If Phase 3 is conclusive, meaning the treatment shows strong efficacy and acceptable safety, the sponsoring company can submit a marketing authorization application to regulatory agencies (like the FDA in the U.S. or EMA in Europe).
If approved, the treatment can then be marketed and prescribed to the general public. This is the final step before widespread clinical use—turning a promising therapy into a real-world option for patients.
Time to Market
| Step | Time |
|---|---|
| Preclinical | 1–2 years |
| Phase 1 | ~1 year |
| Phase 2 | ~1–2 years |
| Phase 3 | ~2–4 years |
| Regulatory Review | ~6–12 months |
| Total | ~6–10 years |
Find Trials
ClinicalTrials.gov: Search for worldwide stem cell trials for Parkinson’s disease (recruiting). Search Trials
Fox Trial Finder: Connect with Parkinson’s research studies based on location and health history. Find a Trial
Be Part of Research - NIHR HNS UK: Current Studies relating to Parkinson's disease. See Ongoing Trials
UX-DA001 Study: Phase 1 exploratory study of UX-DA001, a cell therapy using patient-derived cells to improve motor function. Explore Study
Some Ongoing Trials
| Organization | Treatment(s) | Status |
|---|---|---|
| BlueRock Therapeutics | Bemdaneprocel (iPSC-derived dopaminergic neurons) | Entering Phase 3 |
| Kyoto University Hospital | Tacrolimus + iPSC-derived dopaminergic progenitors | Phase 3 (Suspended) * |
| Aspen Neuroscience | ANPD001 (autologous iPSC-derived dopamine neurons) | Phase 1/2a (Ongoing) |
| Sumitomo Pharma / CiRA | CT1-DAP001 (allogeneic dopaminergic progenitor cells) | Phase 1/2 (US & Japan) |
| iRegene Therapeutics | NouvNeu001 (iPSC-derived neurons for early-onset Parkinson’s) | Phase 1/2 (China & US) |
| S. Biomedics | TED-A9 (hESC-derived dopaminergic progenitors) | Phase 1/2a (Korea) |
| Novo Nordisk / Lund University | NN-9001 (iPSC-derived therapy) | Phase 1 |
| XellSmart Biomedical | XS-411 (allogeneic dopaminergic neural progenitors) | Phase 1 (China & US) |
| Oryon Cell Therapies | Autologous iPSC-derived dopamine neurons | Phase 1 (US) |
| Shanghai Yuesai Biotech | UX-DA001 (autologous iPSC-derived therapy) | Entering Phase 1 (China) |
| iCamuno Biotherapeutics | ICA07 (autologous iPSC-derived dopamine progenitors) | Phase 1 (China) |
| TreeFrog Therapeutics | TFG 001 (iPSC-derived therapy) | Preclinical (Phase 1 planned for 2027) |
| Kenai Therapeutics | RNDP-001 (iPSC-derived dopamine progenitors) | Preclinical (IND planned) |
* The Kyoto University Phase 3 trial involving iPSC-derived dopaminergic progenitor cells and tacrolimus was suspended due to logistical and regulatory adjustments, not safety concerns. The trial had shown promising early results: no serious adverse events, stable graft integration, and improved motor function in several participants.

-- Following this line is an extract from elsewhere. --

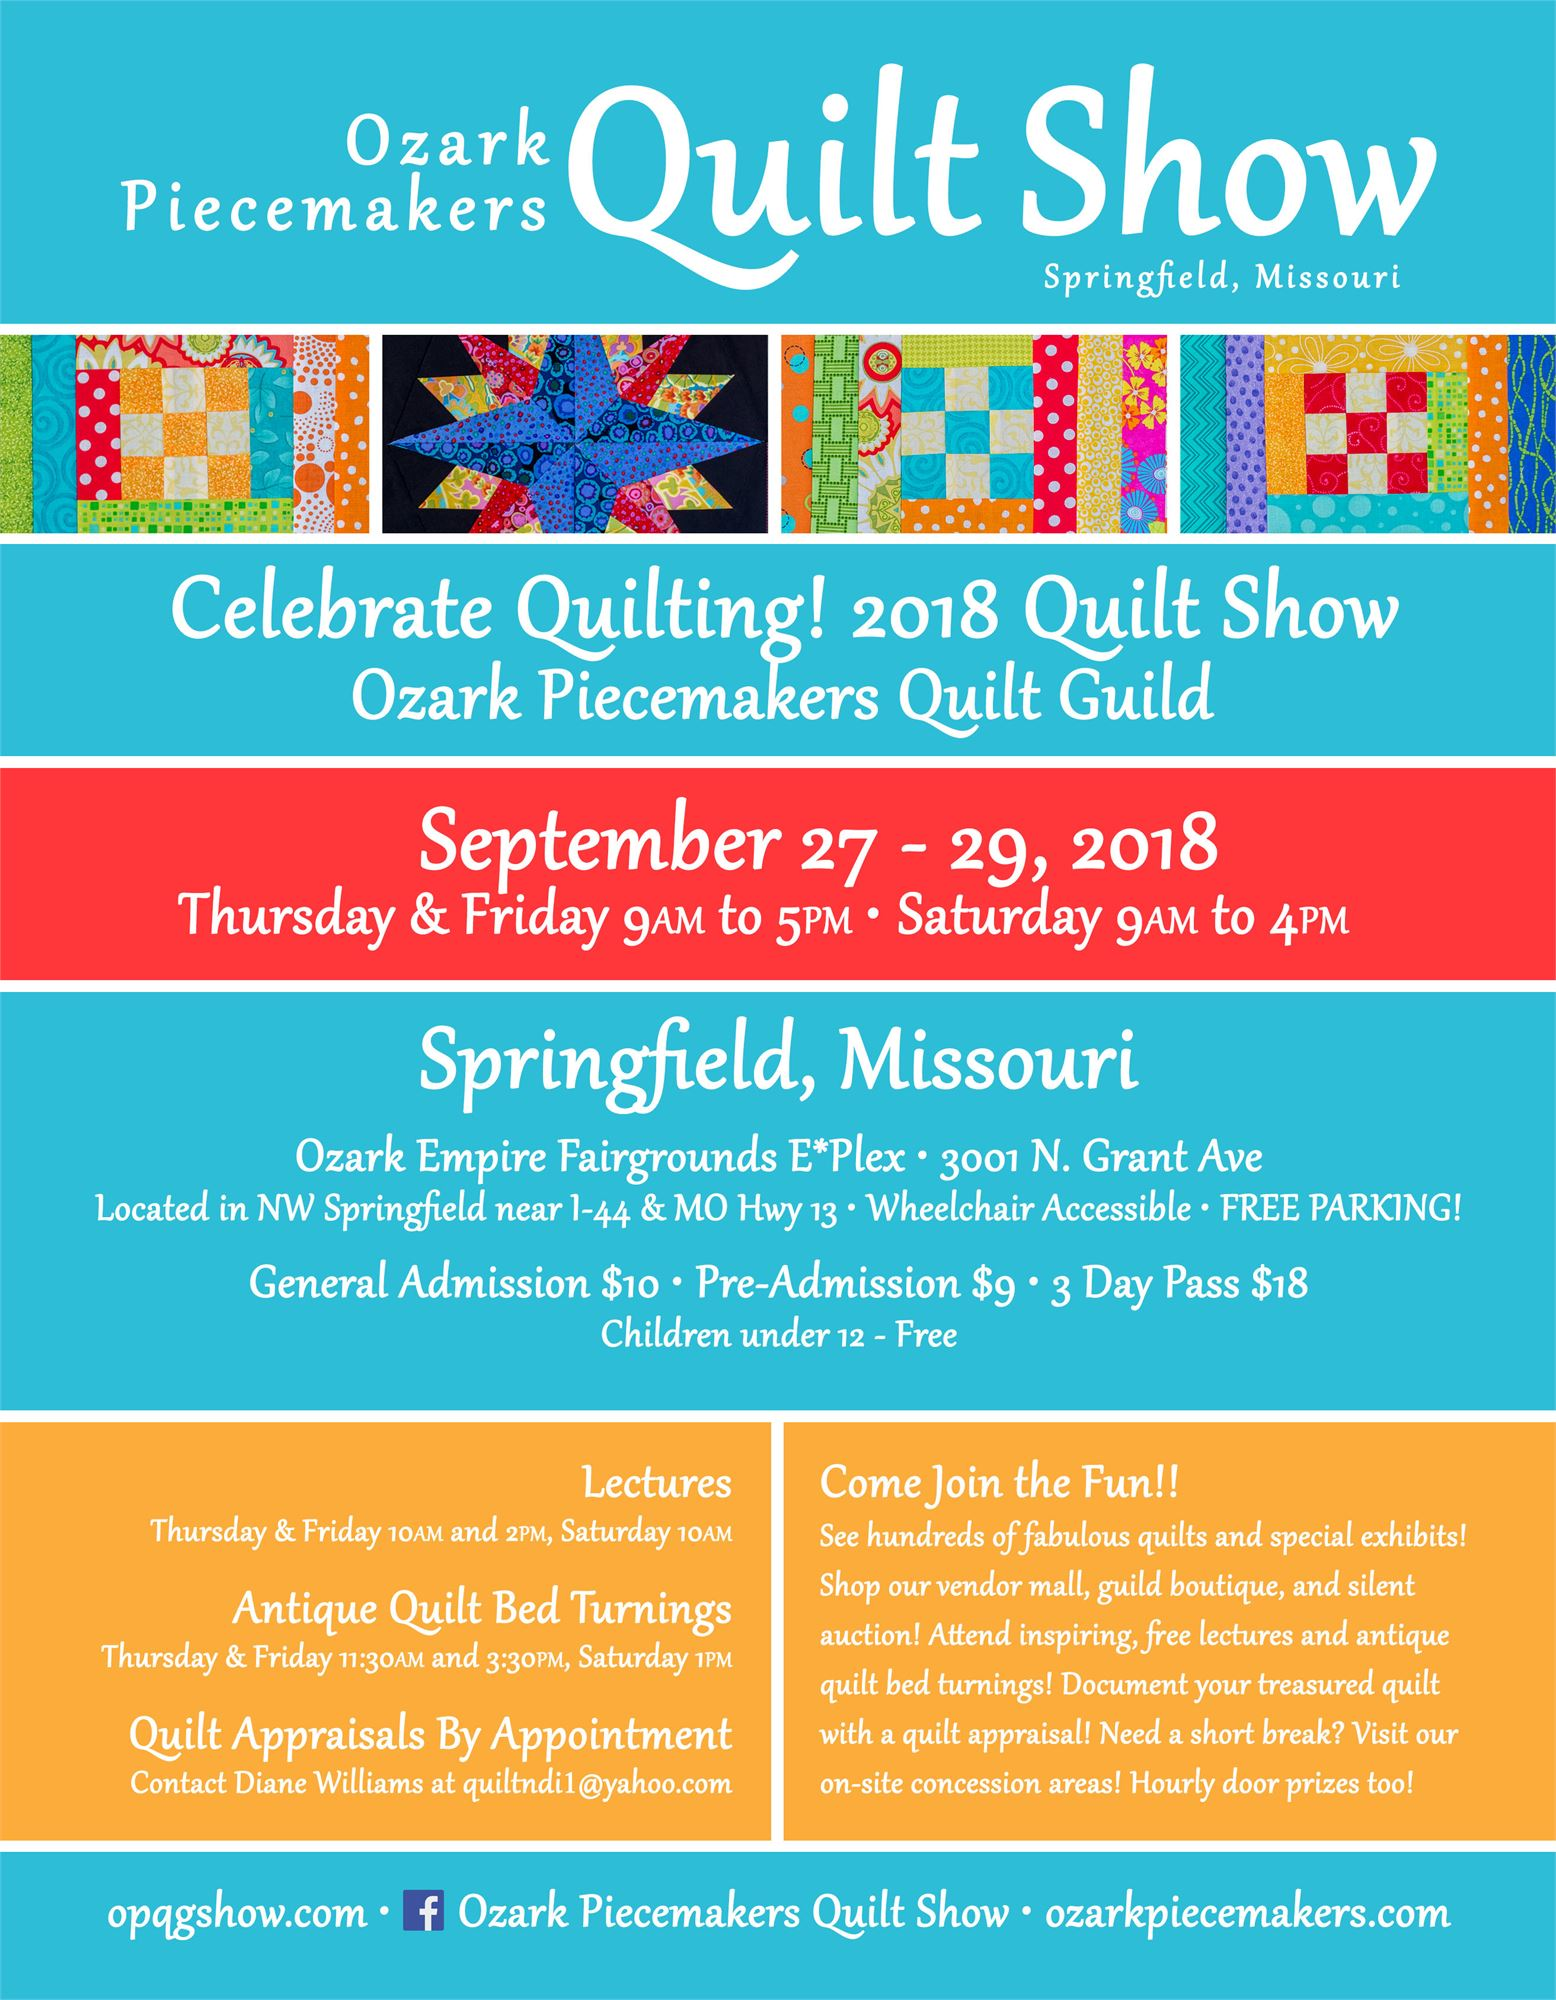 Ozarks Piecemakers Quilt Guild
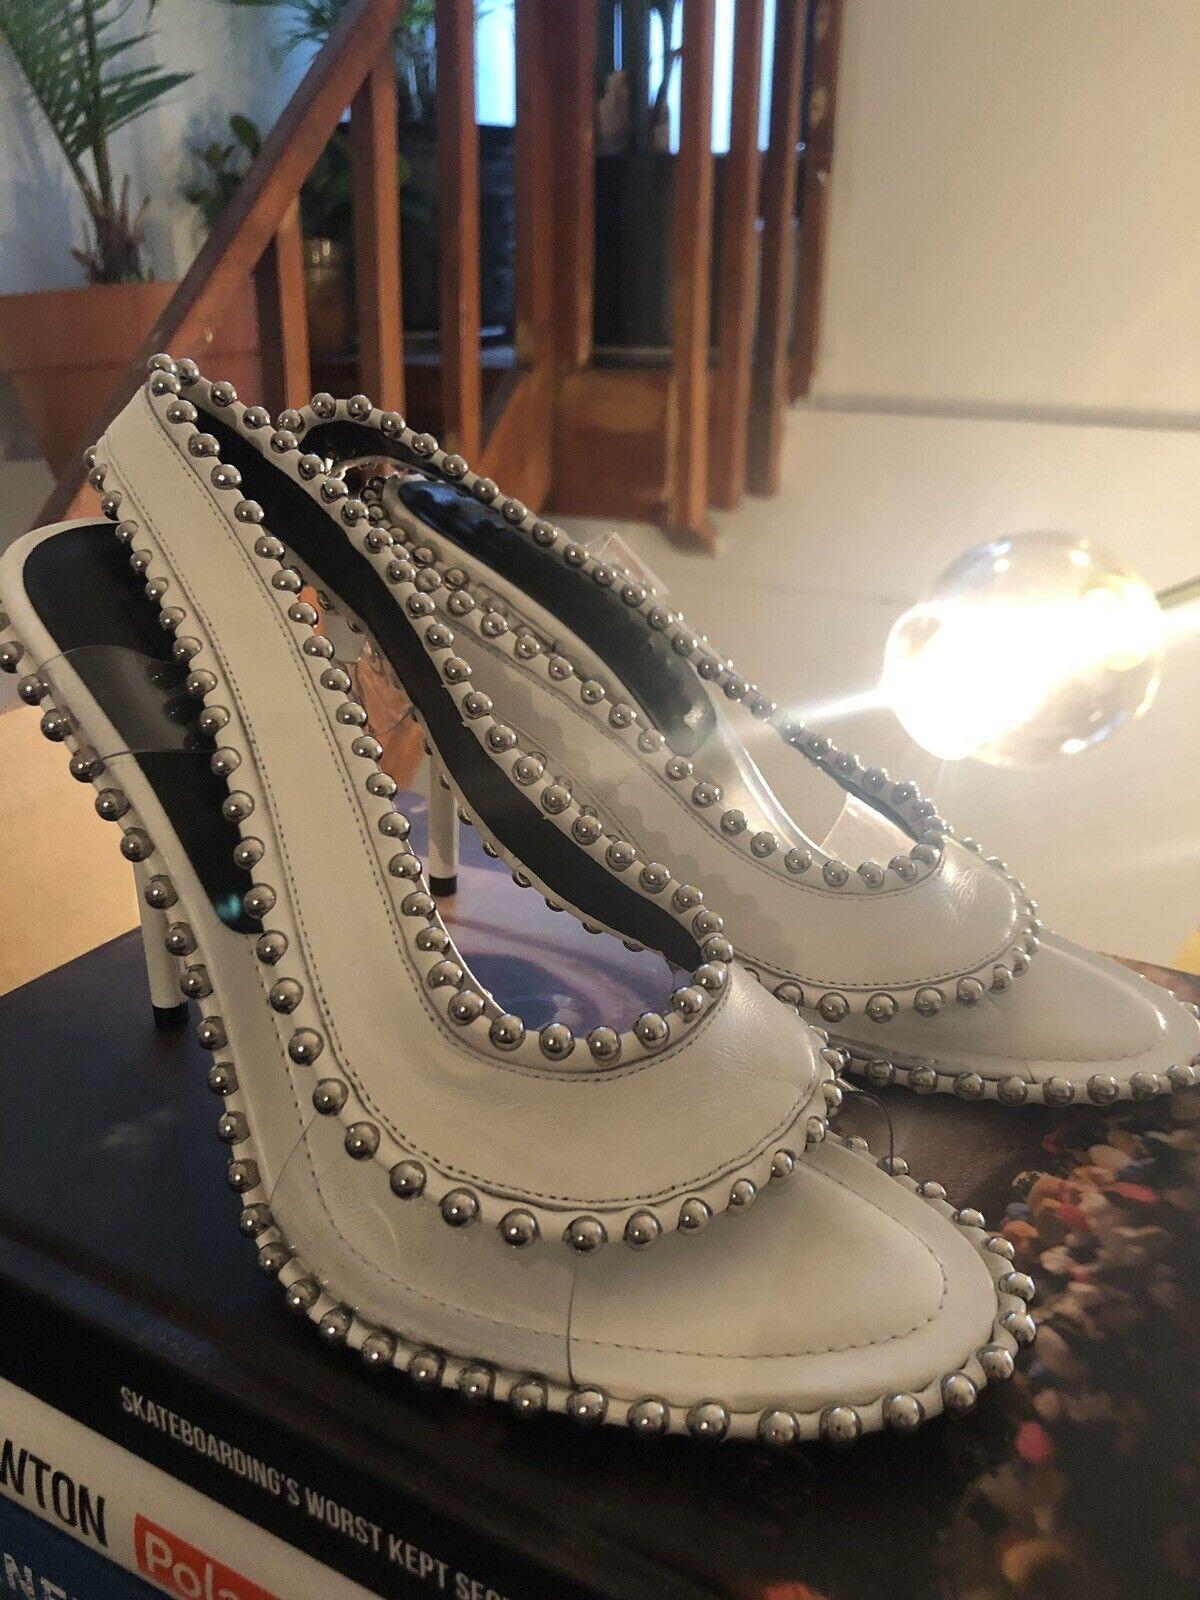 Alexander  Wang bianca Studded Stiletto Sandals Dimensione 39  migliori prezzi e stili più freschi

However, the suspension appears to be temporary and related to transitioning from an investigator-initiated study to a broader, possibly multi-center trial framework. The team, led by Professor Jun Takahashi at CiRA, is reportedly preparing for future trials with expanded scope and international collaboration.